When Is Debt Dangerous?

Debt and other liabilities become risky for a business when it cannot easily fulfill those obligations, either with free cash flow or by raising capital at an attractive price. In the worst case scenario, a company can go bankrupt if it cannot pay its creditors. However, a more common (but still painful) scenario is that it has to raise new equity capital at a low price, thus permanently diluting shareholders. By replacing dilution, though, debt can be an extremely good tool for businesses that need capital to invest in growth at high rates of return. When we think about a company's use of debt, we first look at cash and debt together.

Check out our latest analysis for Saylor Advertising.Inc

What Is Saylor Advertising.Inc's Debt?

The image below, which you can click on for greater detail, shows that at December 2020 Saylor Advertising.Inc had debt of JP¥1.01b, up from JP¥813.0m in one year. However, it also had JP¥942.0m in cash, and so its net debt is JP¥71.0m.
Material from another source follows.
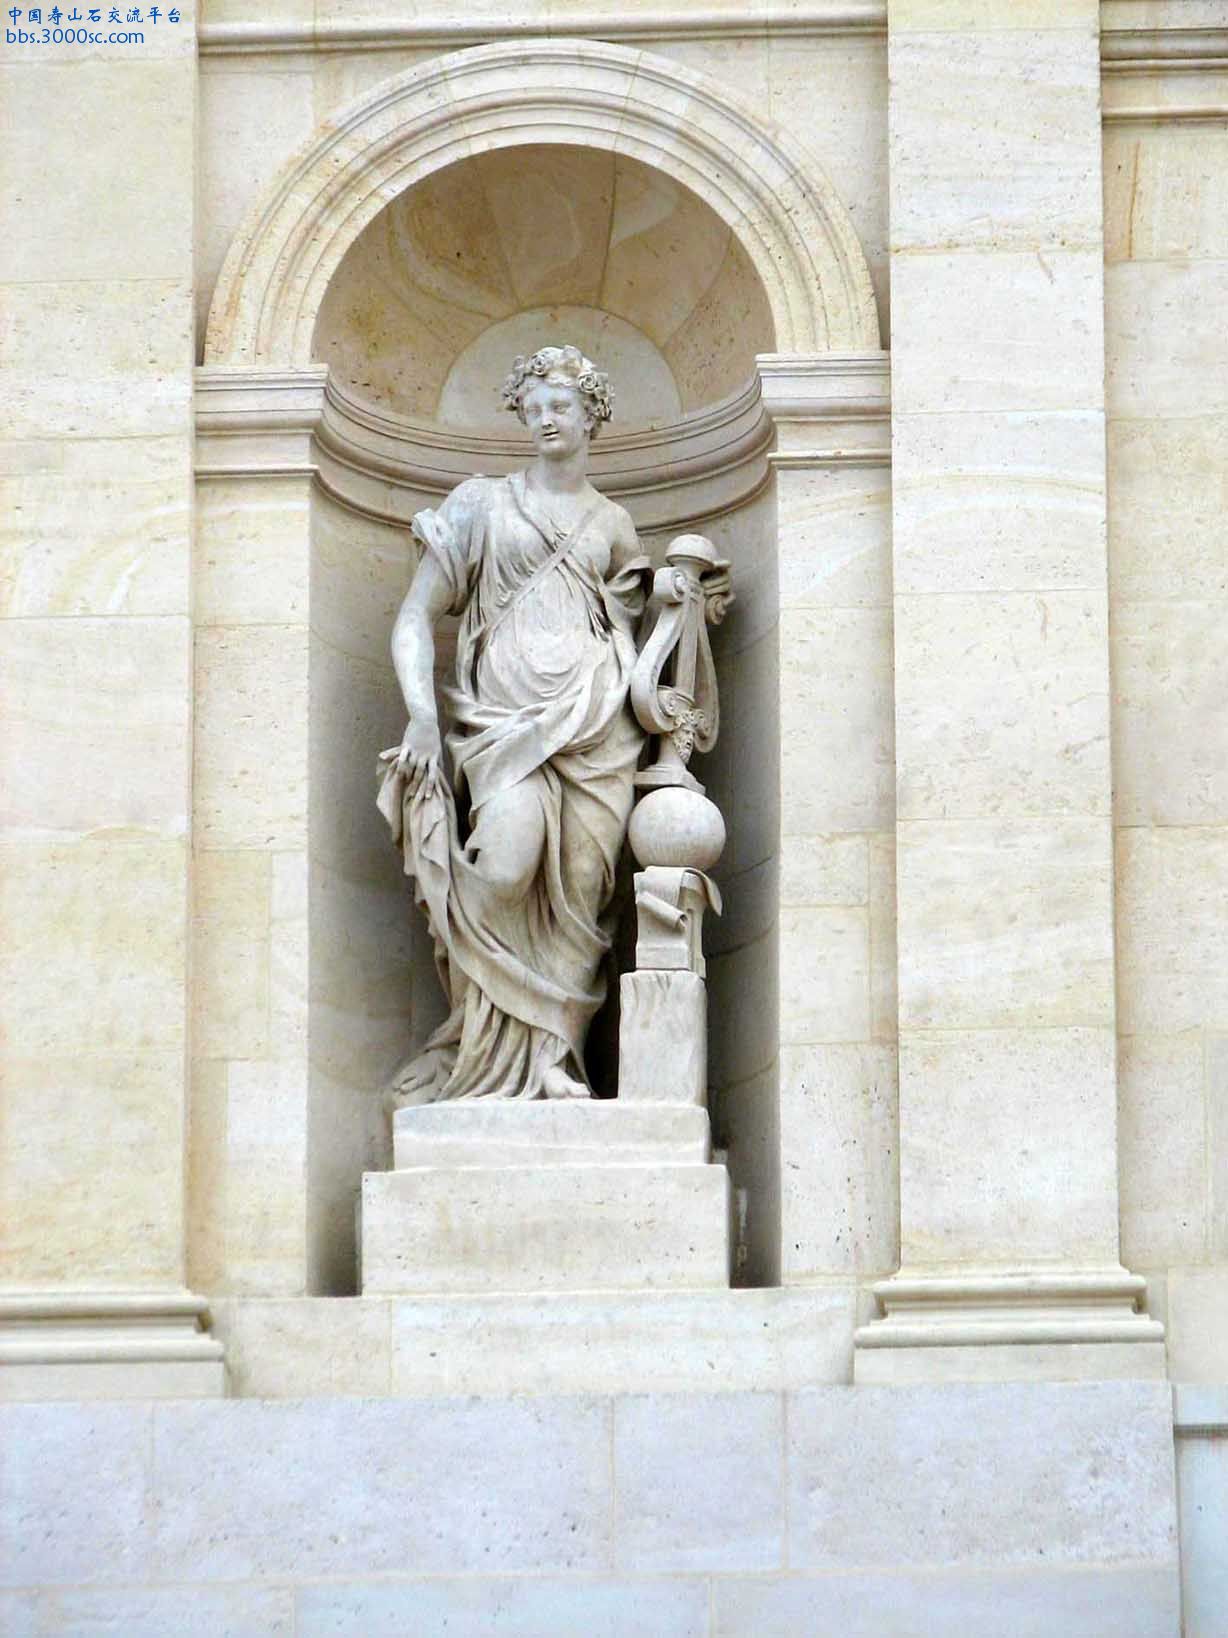 法國梵爾賽宮建築物石像-B03.jpg

debt-equity-history-analysis
JASDAQ:2156 Debt to Equity History April 2nd 2021

How Healthy Is Saylor Advertising.Inc's Balance Sheet?

According to the last reported balance sheet, Saylor Advertising.Inc had liabilities of JP¥1.60b due within 12 months, and liabilities of JP¥847.0m due beyond 12 months. Offsetting these obligations, it had cash of JP¥942.0m as well as receivables valued at JP¥863.0m due within 12 months. So its liabilities outweigh the sum of its cash and (near-term) receivables by JP¥641.0m.

This deficit isn't so bad because Saylor Advertising.Inc is worth JP¥1.23b, and thus could probably raise enough capital to shore up its balance sheet, if the need arose. But we definitely want to keep our eyes open to indications that its debt is bringing too much risk. The balance sheet is clearly the area to focus on when you are analysing debt. But it is Saylor Advertising.Inc's earnings that will influence how the balance sheet holds up in the future. So when considering debt, it's definitely worth looking at the earnings trend. Click here for an interactive snapshot.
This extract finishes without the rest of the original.